For certain types of companies, different recognition criteria may apply, for instance, the option to recognise financial assets at either acquisition cost or fair value is unavailable to investment funds which must necessarily use fair value, as laid out by the Law of 17 December 2010. Tax rules significantly affect accounting practice in Luxembourg, for instance, some instruments may qualify as debt instruments under Lux GAAP while they are recognised as equity instruments above, for instance Convertible Preferred Equity Certificates (CPECs) which consist of preference shares which pay an interest to the investor but are accounted for as debt while they would typically meet the recognition criteria as an equity instrument under IAS 32. Generally speaking, substance over form has been made a non-mandatory accounting principle with the Law of 30 July 2013, and the legal substance of contracts usually takes precedence under Lux GAAP as opposed to economic substance under IFRS, similar to accounting principles in France. Similarly, legal rules applicable to companies in Luxembourg also affect accounting, especially the Law of 10 August 1915 as amended, which constitutes the main law for commercial companies. For instance, article 49 of the 1915 Law contains strict rules concerning the purchase of own shares, which translate into a specific accounting treatment whereby the own shares must be neutralised and allocated to a specific reserve.
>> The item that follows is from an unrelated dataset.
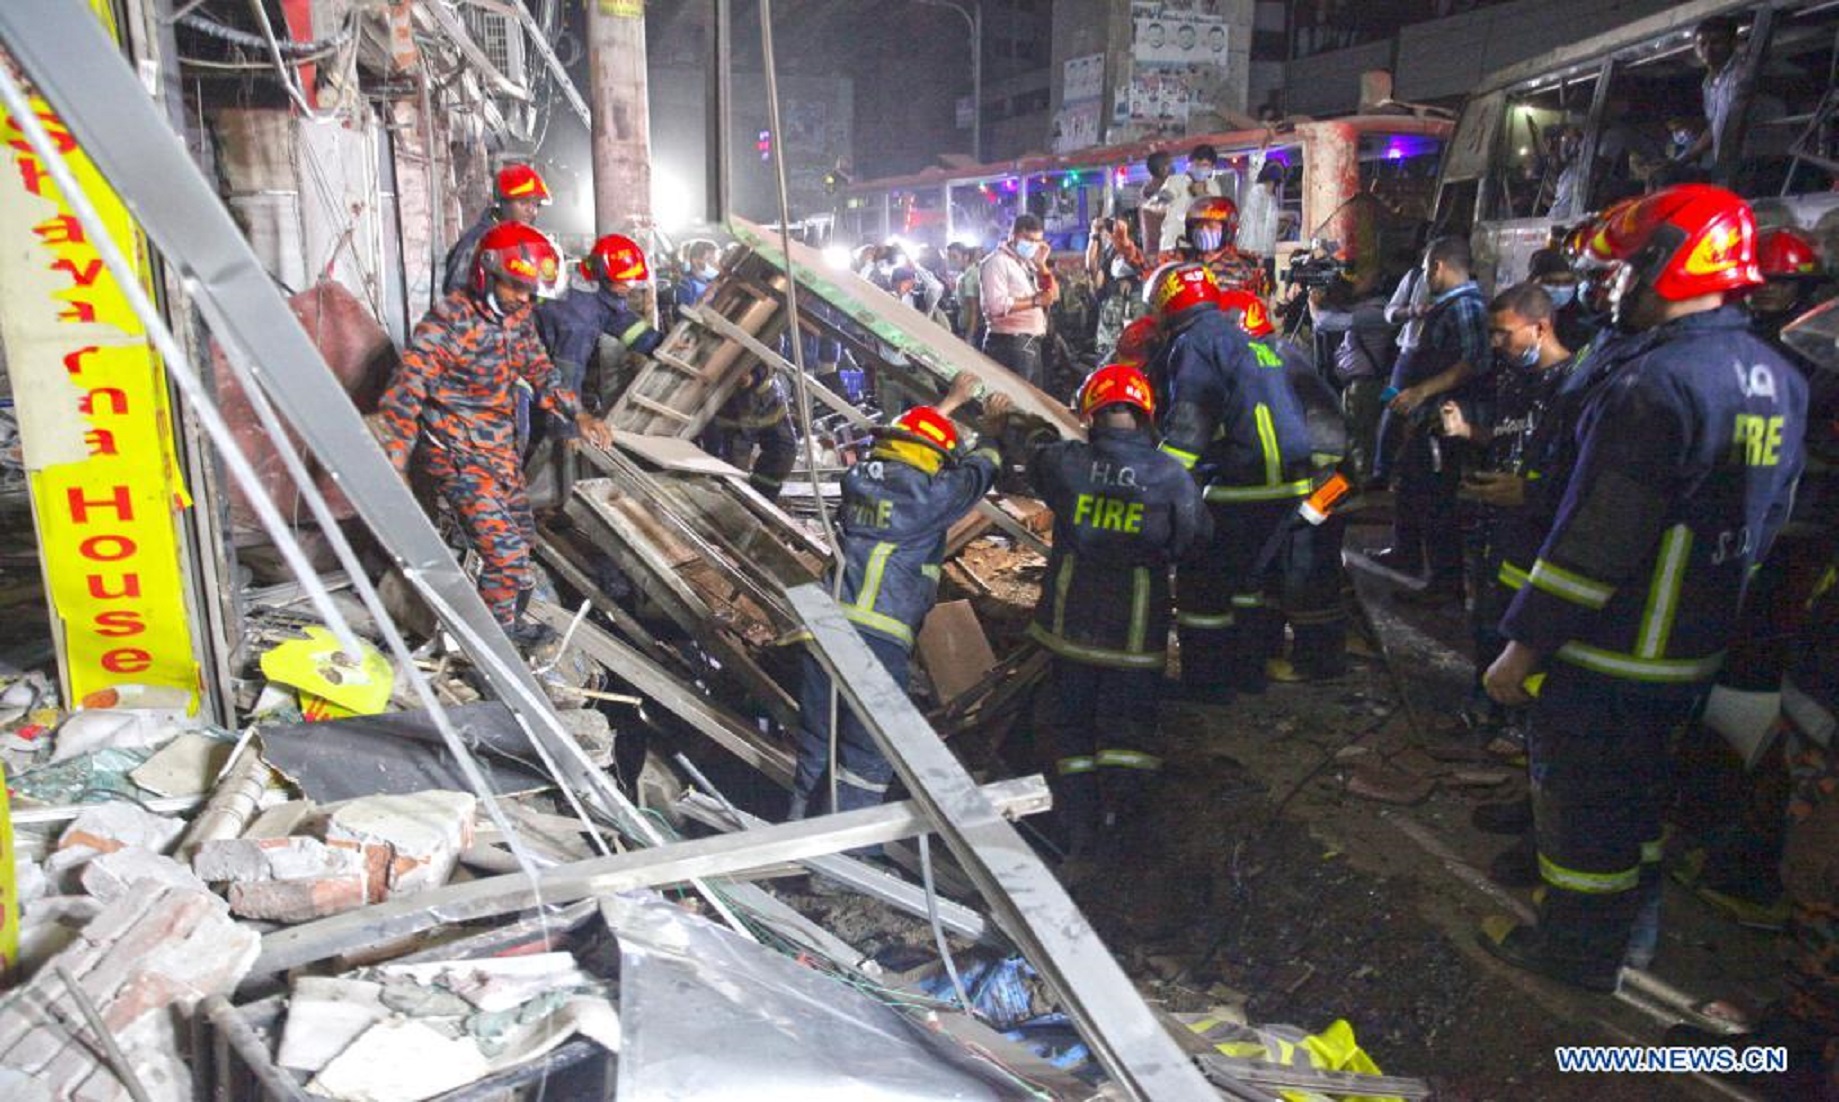 Seven Killed, Dozens Injured In Building Collapse After Explosion In Bangladesh

A standard chart of account (SCA) was enacted as of 2011. It applies mostly to commercial companies, and explicitly excludes entities which are supervised by the two main Luxembourg regulators, the Commission de Supervision du Secteur Financier (CSSF) and the Commissariat aux Assurances (CAA), which are chiefly responsible for overseeing investment funds, banks, insurance companies and similar entities. All entities subject to SCA requirements must adopt the same account numbers for each financial statement element as those laid out by the SCA, and present and file accounts under a specific format referred to as electronic Centrale des Données Financières also known as "eCDF". Again, this stands in contrast to the practice in English-speaking countries where standard charts of accounts usually are specific to each company, and where professional accounting bodies are responsible for defining practical rules and the applicable accounting doctrine rather than standardisation falling to governmental bodies or lawmakers as is the case in most of Continental Europe.

==Accounting firms in Luxembourg==
All Big Four accounting firms have a strong presence in Luxembourg, disproportionately to the number of inhabitants in the country. This is especially due to the fund industry being so developed in Luxembourg with over €3.5 trillion in assets under management as at 31 March 2015. Other notable contributors to the Luxembourg national economy are banks (approximately 140 currently operating in the country), insurance companies as well as private equity companies on top of the traditional commercial companies. Currently, PwC is the top Big Four company in Luxembourg in terms of number of employees (about 3,100) and net turnover (€500 million) in 2022. Deloitte, KPMG and Ernst & Young all have a significant presence in Luxembourg. Smaller companies are also present, such as Mazars, Grant Thornton, Alliott Group and BDO. On top of the audit industry, there are a number of service providers and trust companies notably responsible for domiciliation and accounting services, the most prominent of which include LGL Corporate Services, Intertrust, TMF, Alter Domus and Citco.